Prinsip-prinsip pemikiran Talcott Parsons, yaitu bahwa
tindakan individu manusia itu diarahkan pada tujuan. Di samping
itu, tindakan itu terjadi pada suatu kondisi yang unsurnya sudah pasti,
sedang unsur-unsur lainnya digunakan sebagai alat untuk mencapai tujuan. Selain
itu, secara normatif tindakan tersebut diatur berkenaan dengan penentuan alat
dan tujuan. Atau dengan kata lain dapat dinyatakan bahwa tindakan itu dipandang
sebagai kenyataan sosial yang terkecil dan mendasar, yang unsur-unsurnya
berupa alat, tujuan, situasi, dan norma.
Dengan demikian, dalam tindakan tersebut dapat
digambarkan yaitu individu sebagai pelaku dengan alat yang ada akan mencapai
tujuan dengan berbagai macam cara, yang juga individu itu dipengaruhi oleh
kondisi yang dapat membantu dalam memilih tujuan yang akan dicapai, dengan bimbingan
nilai dan ide serta norma. Perlu diketahui bahwa selain hal-hal
tersebut di atas, tindakan individu manusia itu juga ditentukan oleh orientasi
subjektifnya, yaitu berupa orientasi motivasional dan orientasi nilai.
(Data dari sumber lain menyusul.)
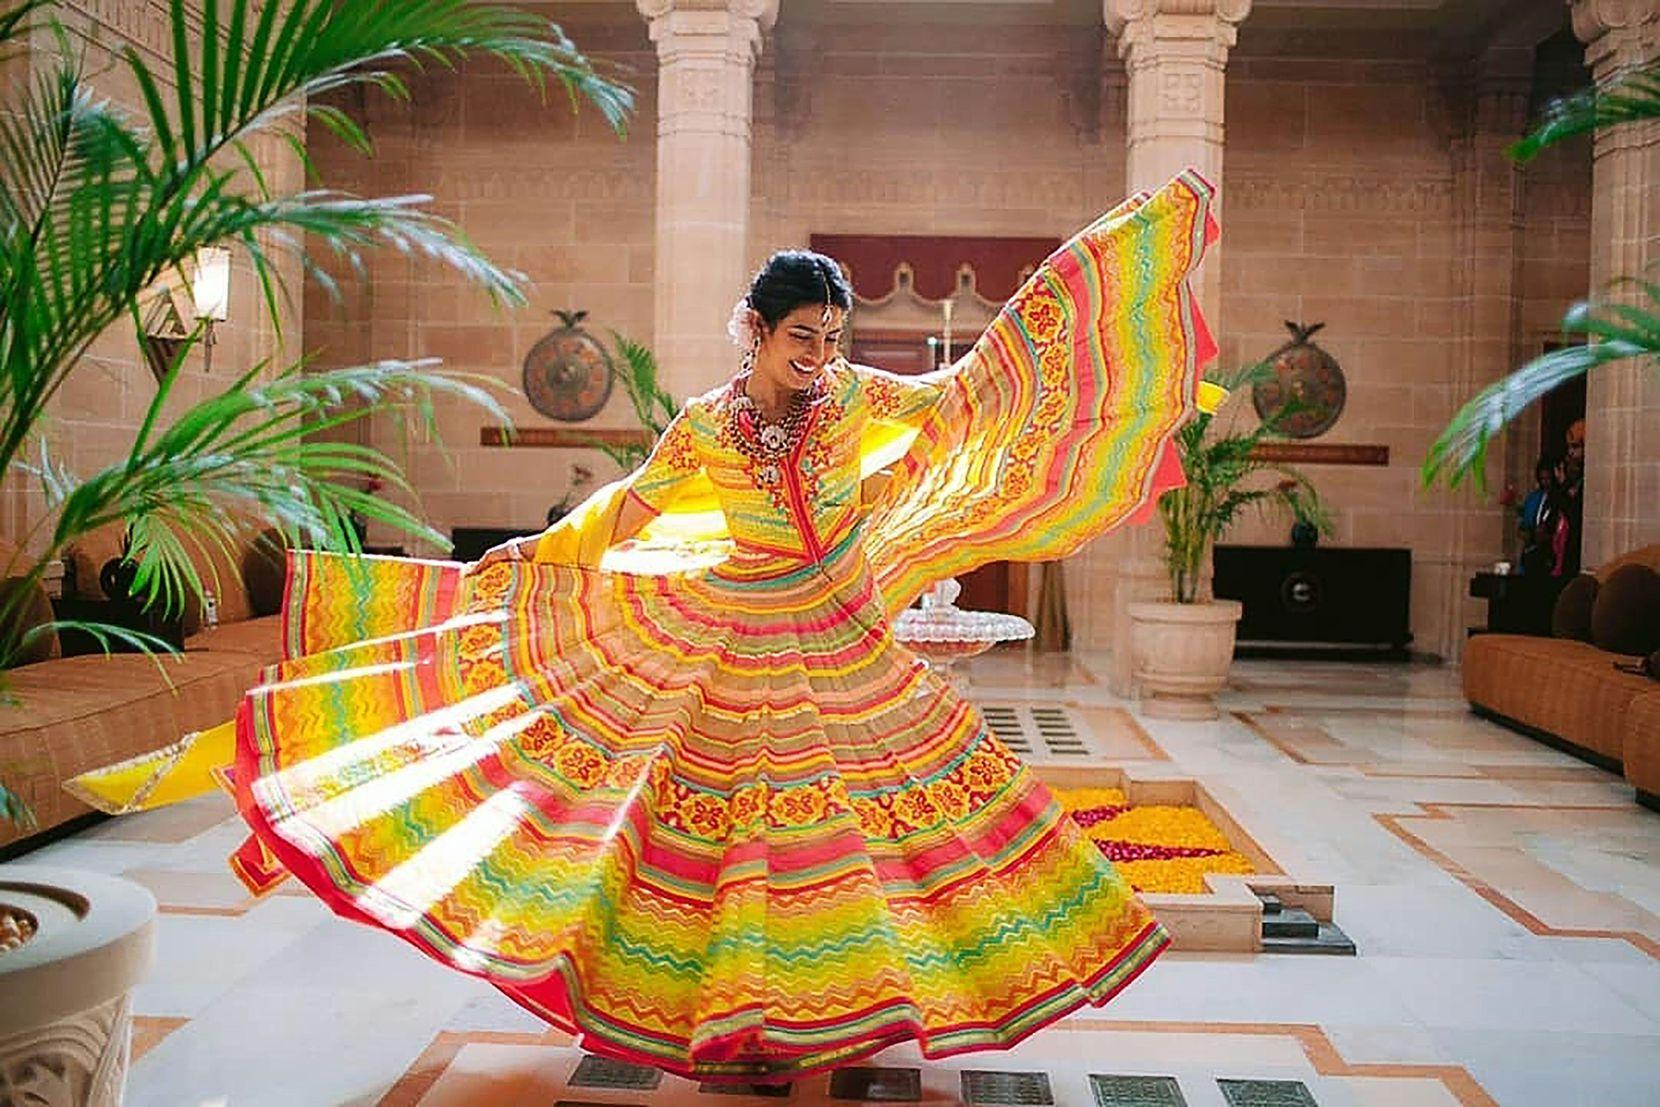 This handout photo released by Raindrop Media shows Bollywood actress Priyanka Chopra dancing during her wedding celebration with American singer Nick Jonas at Umaid Bhawan palace in Jodhpur.

Perlu diketahui pula bahwa tindakan individu tersebut dalam realisasinya dapat
berbagai macam karena adanya unsur-unsur sebagaimana dikemukakan di atas.
E. Analisis
Fungsional Struktural dan Diferensiasi Struktural
Sebagaimana telah diuraikan bahwa Teori Fungsionalisme
Struktural beranggapan bahwa masyarakat itu merupakan sistem yang secara
fungsional terintegrasi ke dalam bentuk keseimbangan.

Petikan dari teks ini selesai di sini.